The keys to the house

The keys to the house

Where I’m from, the only people who had the keys to the house were the people paying the mortgage or finding the rent.

There were no latch key kids in a culture which was happy to let you wait on the doorstep until a head of the household came home to let you in with The Keys To The House. And it was like that. All initial caps and bold font so you were left in no doubt as to the import of what that meant.

Once in for the night, there was also the ritual of closing the house up until morning. Meaning no-one left or came into the house without a police warrant or a damned good reason as to why that front door had been opened before it had any business doing so. Bear in mind if you were a kid (under the age of 33), there were no good reasons.

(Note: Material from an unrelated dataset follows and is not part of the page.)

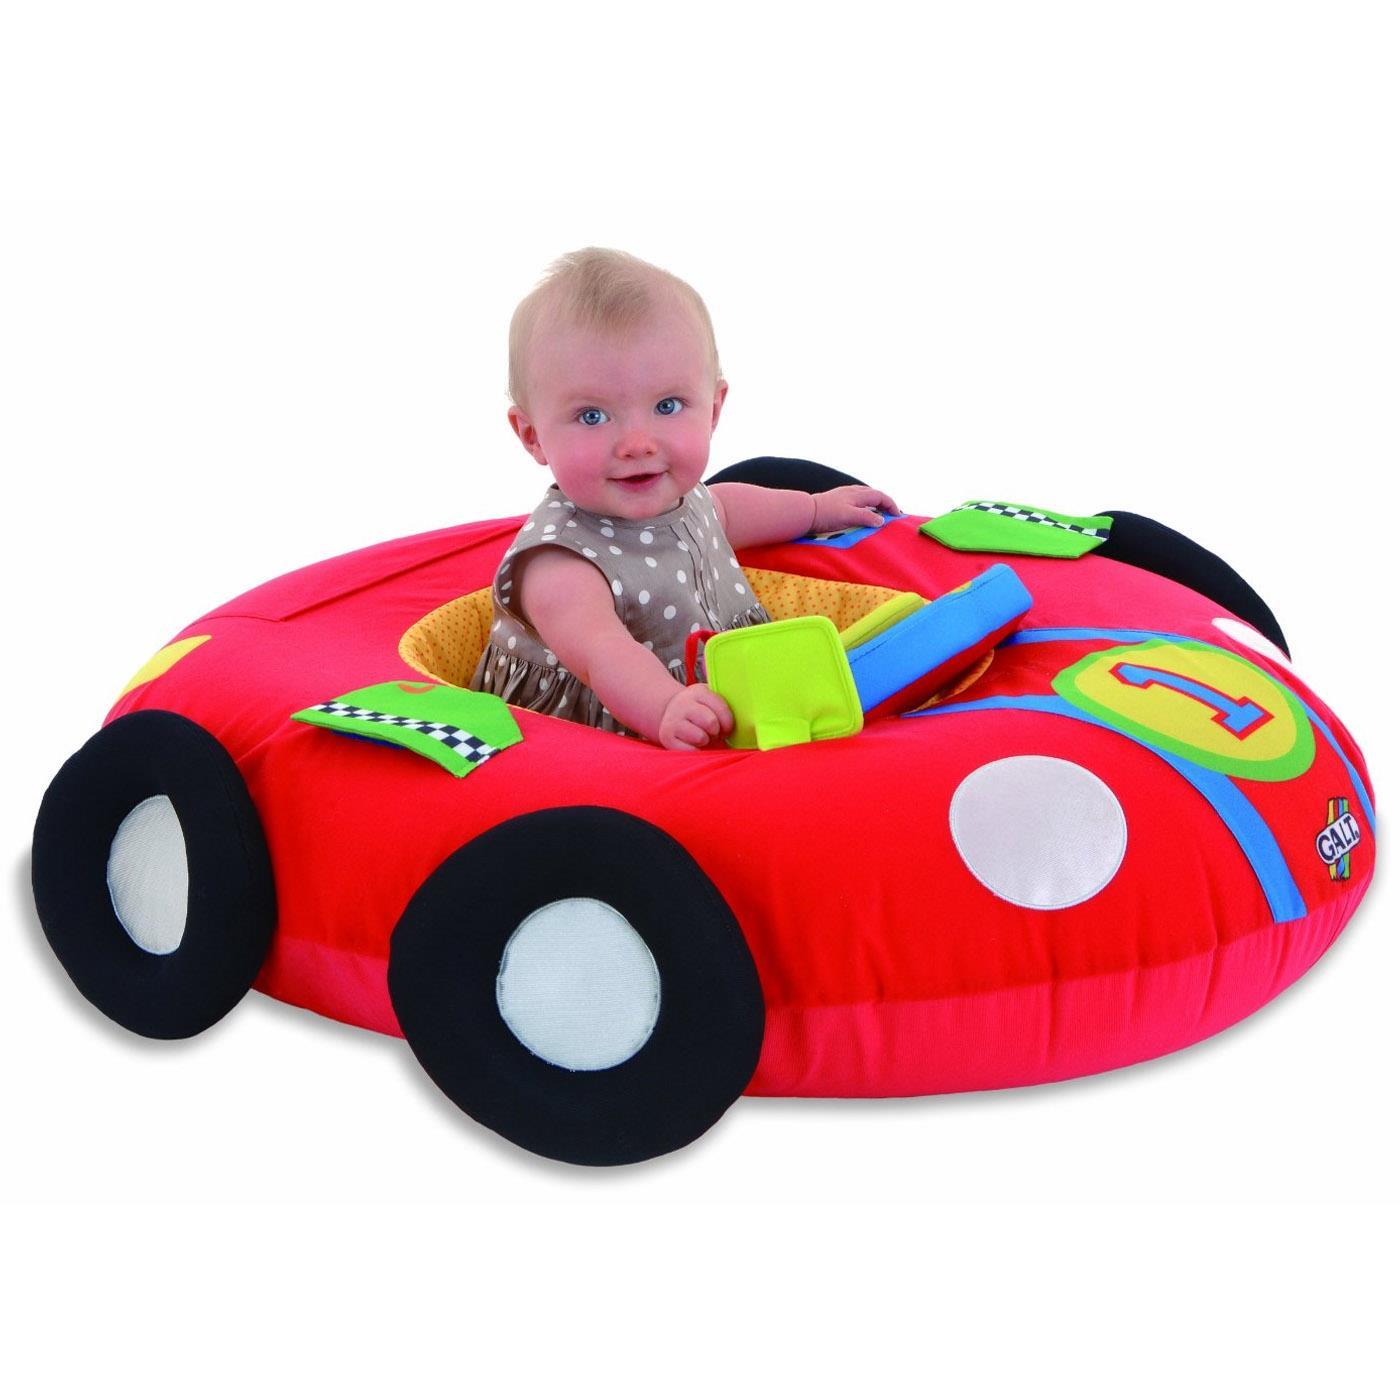 Galt Toys 1003871 Playnest Car| Blink Kuwait

This is perhaps why I have struggled to let a more enlightened generation have at the keys to the house in my household. It’s not that my kids are stupid or irresponsible, it’s just another thing to worry about going wrong.

Take the modern sleepover (non-existent in my childhood home) and the year I woke up one morning to ask my children where the child who had spent the night on a sleepover was. He was sleeping awfully late even for a tired child.

“Oh, he left.”

“What do you mean he left? Left when?”

“In the night. He was homesick for his dad, so he left.”

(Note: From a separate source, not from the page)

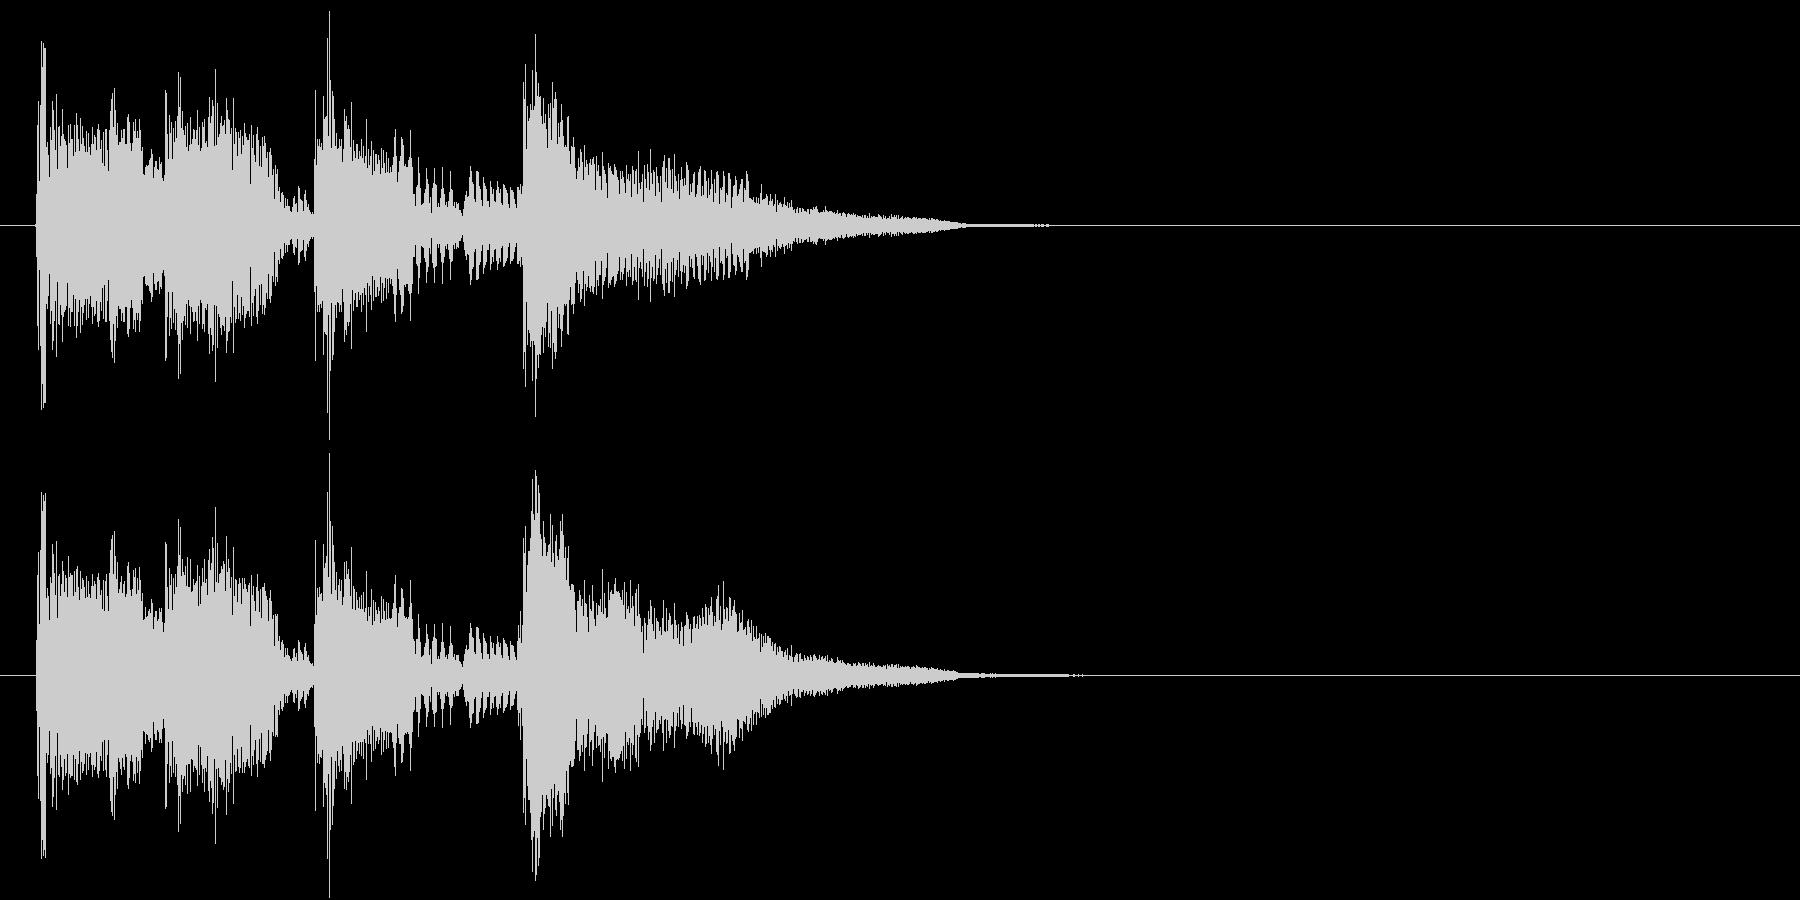 124bpm、G-Maj、2小節ジングルの未再生の波形

Is there a greater terror than your child going missing? Yes, someone else’s child going missing who is in your care. Thankfully nothing bad had befallen the little boy – although it might have been touch and go had I got hold of him first.

Another reason why over the years I have reinforced my childhood ritual of closing the house up for the night. When I announce ‘Okay, kids the house is on lock down’, it doesn’t mean the household is in a hostage situation, it only means that no-one leaves or enters the house without me knowing about it. Okay, a little bit like a hostage situation.

All of that to say, I gave my young people their first set of keys to the house yesterday, and the key fobs on sale at the key cutters spoke to my incredulity at that:

LOL – laugh out loud (hysterically);

OMG – Oh my God, when did my little children get old enough to have the keys to the house; and, yes,

WTF – when the frigging hell did that happen?

One moment we are bringing our children home as babes in arms, and the next…we are giving them the keys to the house.